Keywords: Deep learning; text recognition; text normalization; attention mechanism; convolutional neural network (CNN)

1  Introduction

Text in natural scenes can provide rich and precise semantic information, which is beneficial for understanding the world around us. High-level semantics embodied in the text is vital in a wide range of vision-based application scenarios, such as Unmanned Aerial Vehicle (UAV) navigation, industrial automation, image search, robot navigation, intelligent navigation inspection, etc., [1]. As a result, the detection and recognition of scene text have become a popular and important research topic in computer vision. Various backgrounds and arbitrary imaging conditions such as uneven illumination, low resolution, distortion, blurring, low contrast, and other artefacts discriminate text in natural scenes. Furthermore, the variety of font types and sizes available adds to the complexity of Scene Text Recognition (STR) algorithms.

There are two stages involved in recognizing the text, they are for text recognition: text detection and text recognition [2]. The goal of text detection is to find text areas in images, and the goal of text recognition is to transcribe the image into editable text format. Traditionally, Optical Character Recognition (OCR) techniques are used to recognize text from well-formatted scanned documents captured in a controlled environment. However, OCR techniques have exhibited excellent accuracy when recognizing characters in scanned document images. OCR has limited efficacy when used to recognize characters in images because of the distinctive properties of the text images [3]. There are two types of text images: Regular text with nearly horizontally aligned characters and Irregular text for the arbitrarily shaped text (e.g., curved text). Recognizing irregular text in an image is a challenging task.

CNNs such as VGGNet [4] and Residual Network (ResNet) [5] were utilized to extract features from the complex background images. The CTC and the encoder-decoder framework are two popular text recognition methods that use CNN as a feature extraction network to acquire high-level information. The CTC decoding module was designed for speech recognition [6]. Built-in Conditional Independence is one of CTC’s flaws, and it’s not ideal for many-to-many mapping. The combined decoding module has high recognition accuracy compared to a separate CTC or Attention method. On the other hand, Attention-based techniques failed to handle irregular text images because they cannot precisely match image feature regions and targets. In comparison, the encoder-decoder framework generates variable-length outputs, which satisfies the requirement of text recognition.

The summary of our work’s contributions as follows:

•   Designed a new framework by combining the CTC and Attention mechanism under encoder-decoder architecture to recognize the irregular texts from the images.

•   Proposed a new Spatial Attention Module (SAM); it performs a feature filtering operation, enriching feature columns by eliminating redundancies and clutters. It can help to minimize the effects of inaccuracy in text detection.

•   Proposed a Dual Step Attention Mechanism (DSAM); the first step in the attention process is to determine the visual and contextual elements that focus more on text regions.
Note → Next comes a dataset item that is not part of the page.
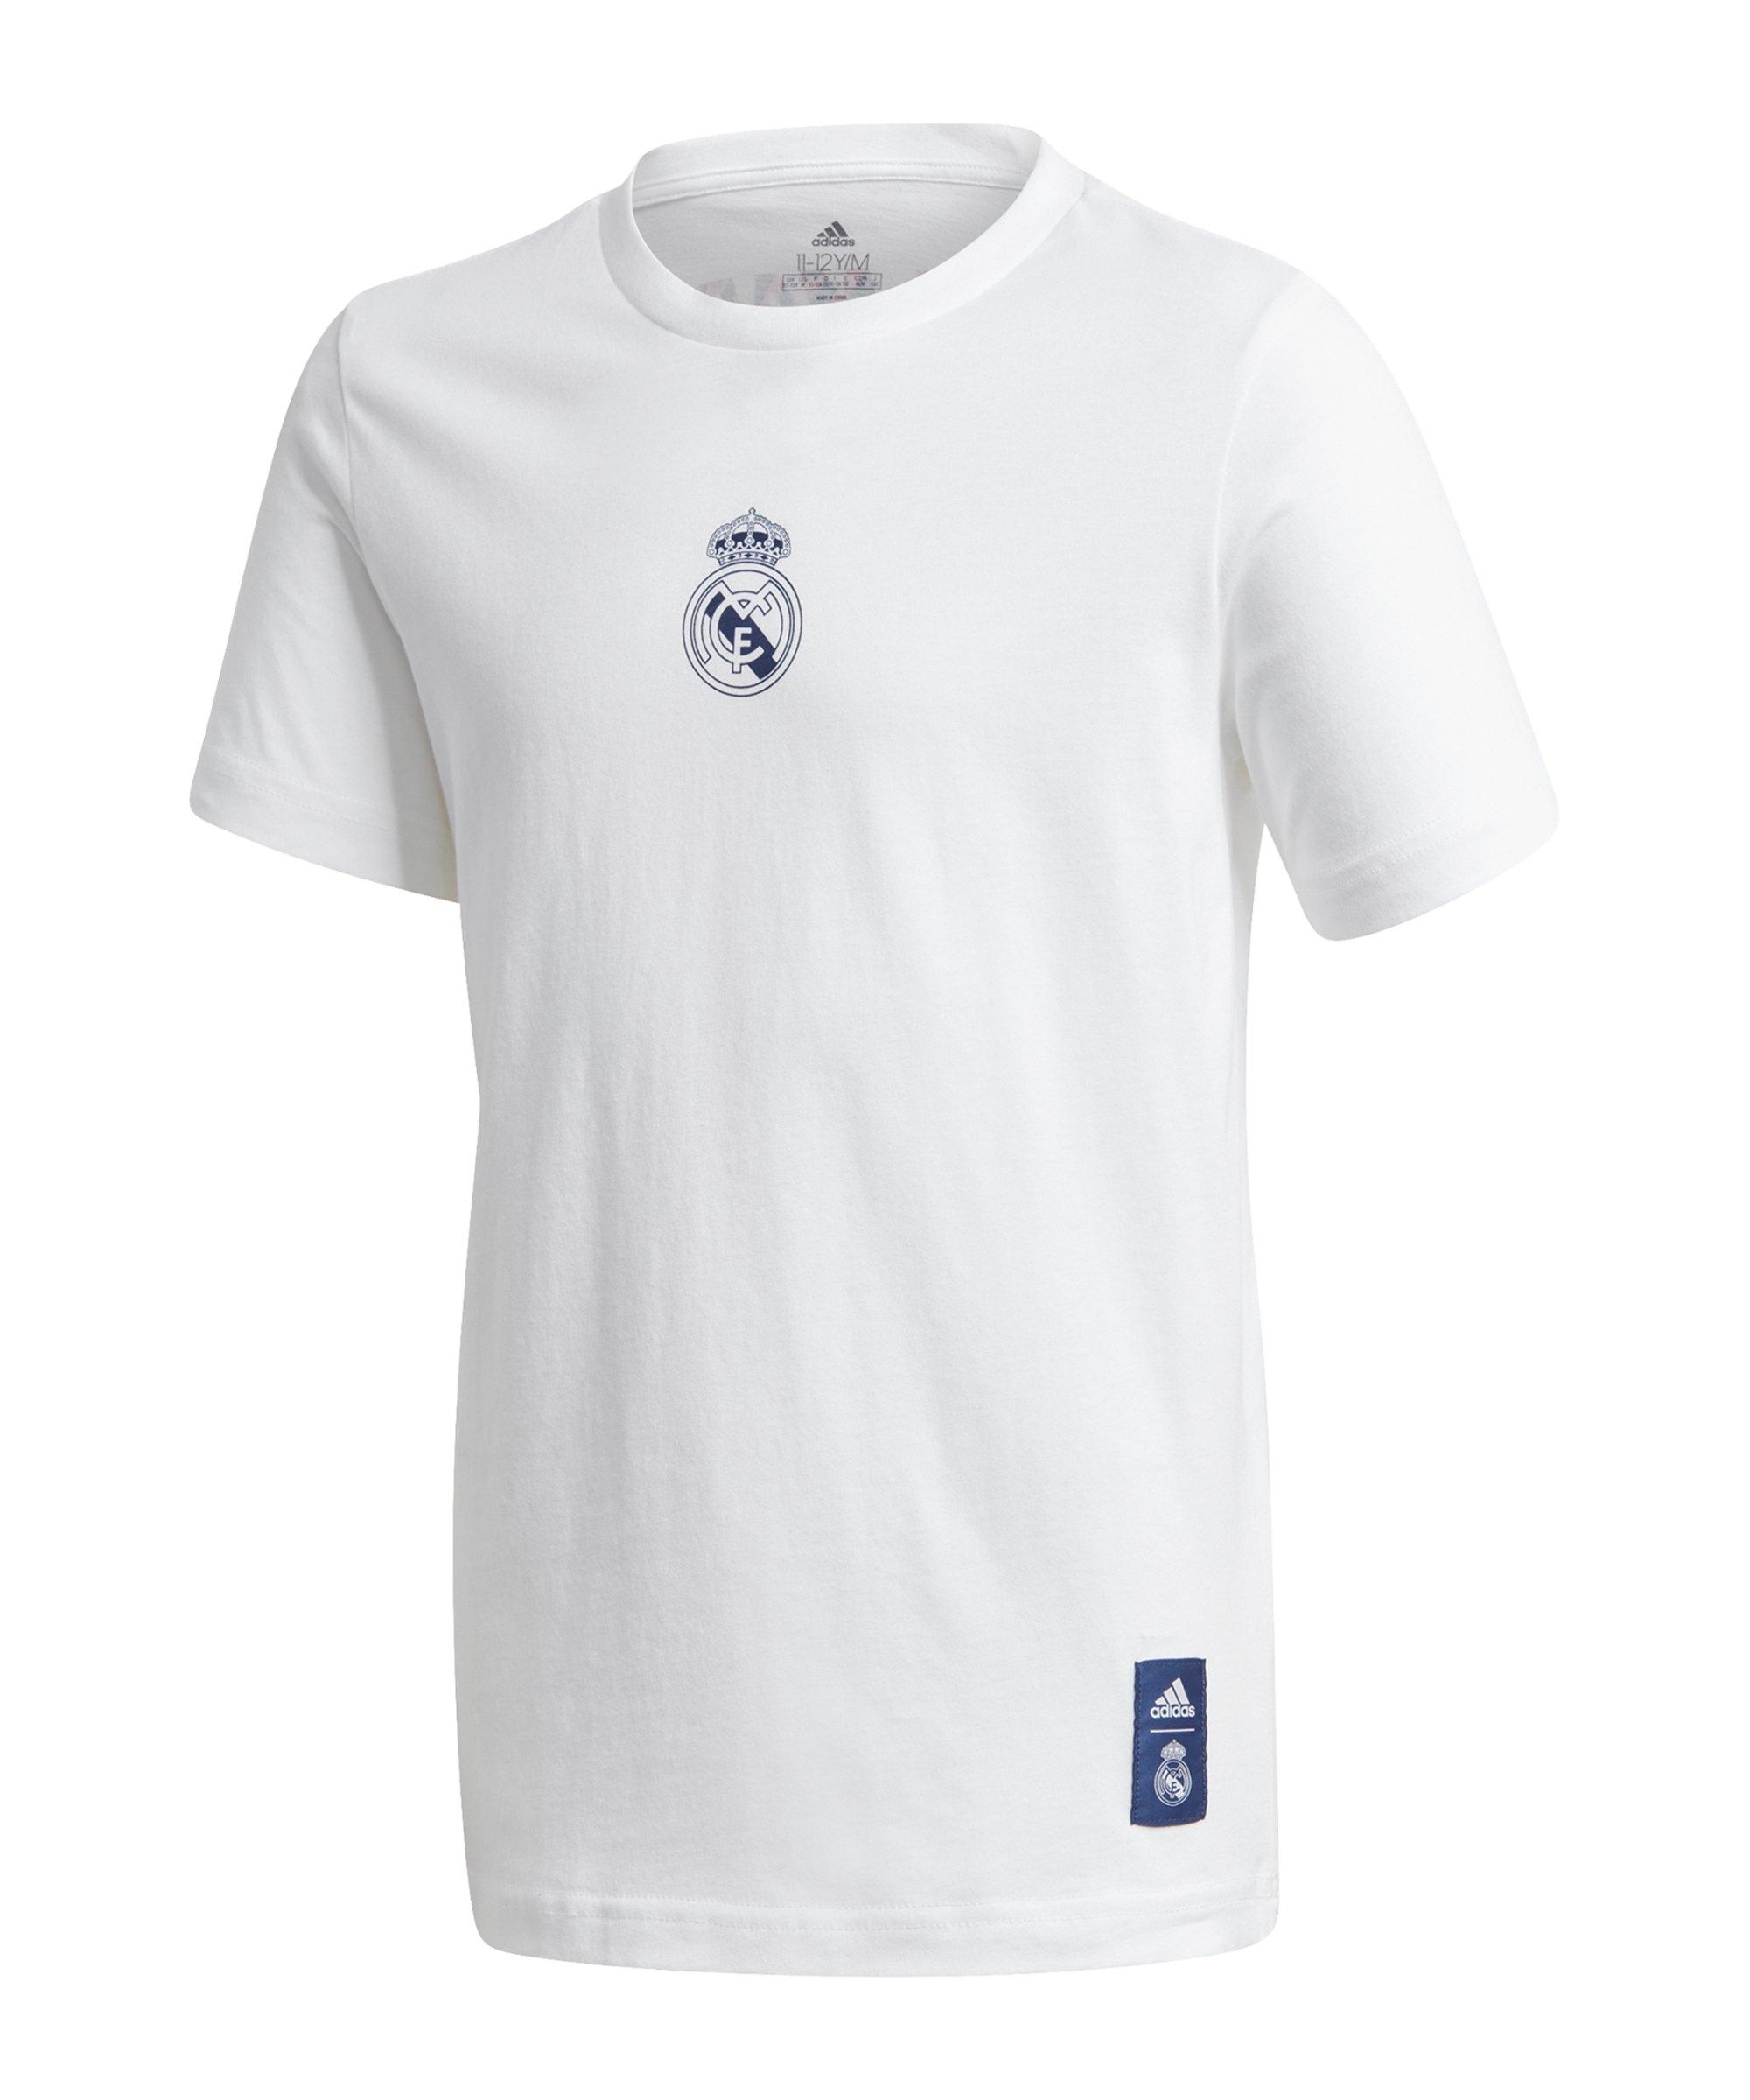 adidas Real Madrid Graphic T-Shirt Kids Weiss Blau - weiss

The second step concentrates more on the intra-sequence relationships. Finally, a Joint CTC-Attention decoder decodes both visual and contextual features simultaneously.

•   The combined decoding module has high recognition accuracy compared to a separate CTC or Attention method. The proposed framework is optimized to be weakly supervised from top to bottom, requiring only ground truth text and input images. Extensive experiments on multiple benchmarks have been demonstrated that the proposed framework outperforms state-of-the-art text recognition methods on regular and irregular text datasets.

2  Related Works

Despite deep learning and CNN’s dominance in visual recognition tasks [79], several new text recognition methods have been proposed, with significant improvements. Ghosh et al. [10] introduced a visual attention model using the Long-Short Term Memory (LSTM) network composed under the encoder-decoder. The model passes convolutional features from a typical CNN into an LSTM network, which selectively focuses attention to text regions of the image at each time step to recognize character sequence without using a pre-defined vocabulary. An Arabic text recognition system proposed by Zayene et al. [11] based on multi-dimensional LSTMs and CTC avoids complex OCR steps such as text line segmentation and feature extraction. Liao et al. [12] use a common backbone architecture for detection and recognition tasks. The recognition module uses two different prediction branches. Semantic character segmentation was used to segment text images from the original image and a spatial attention decoder generates text from the segmented word image.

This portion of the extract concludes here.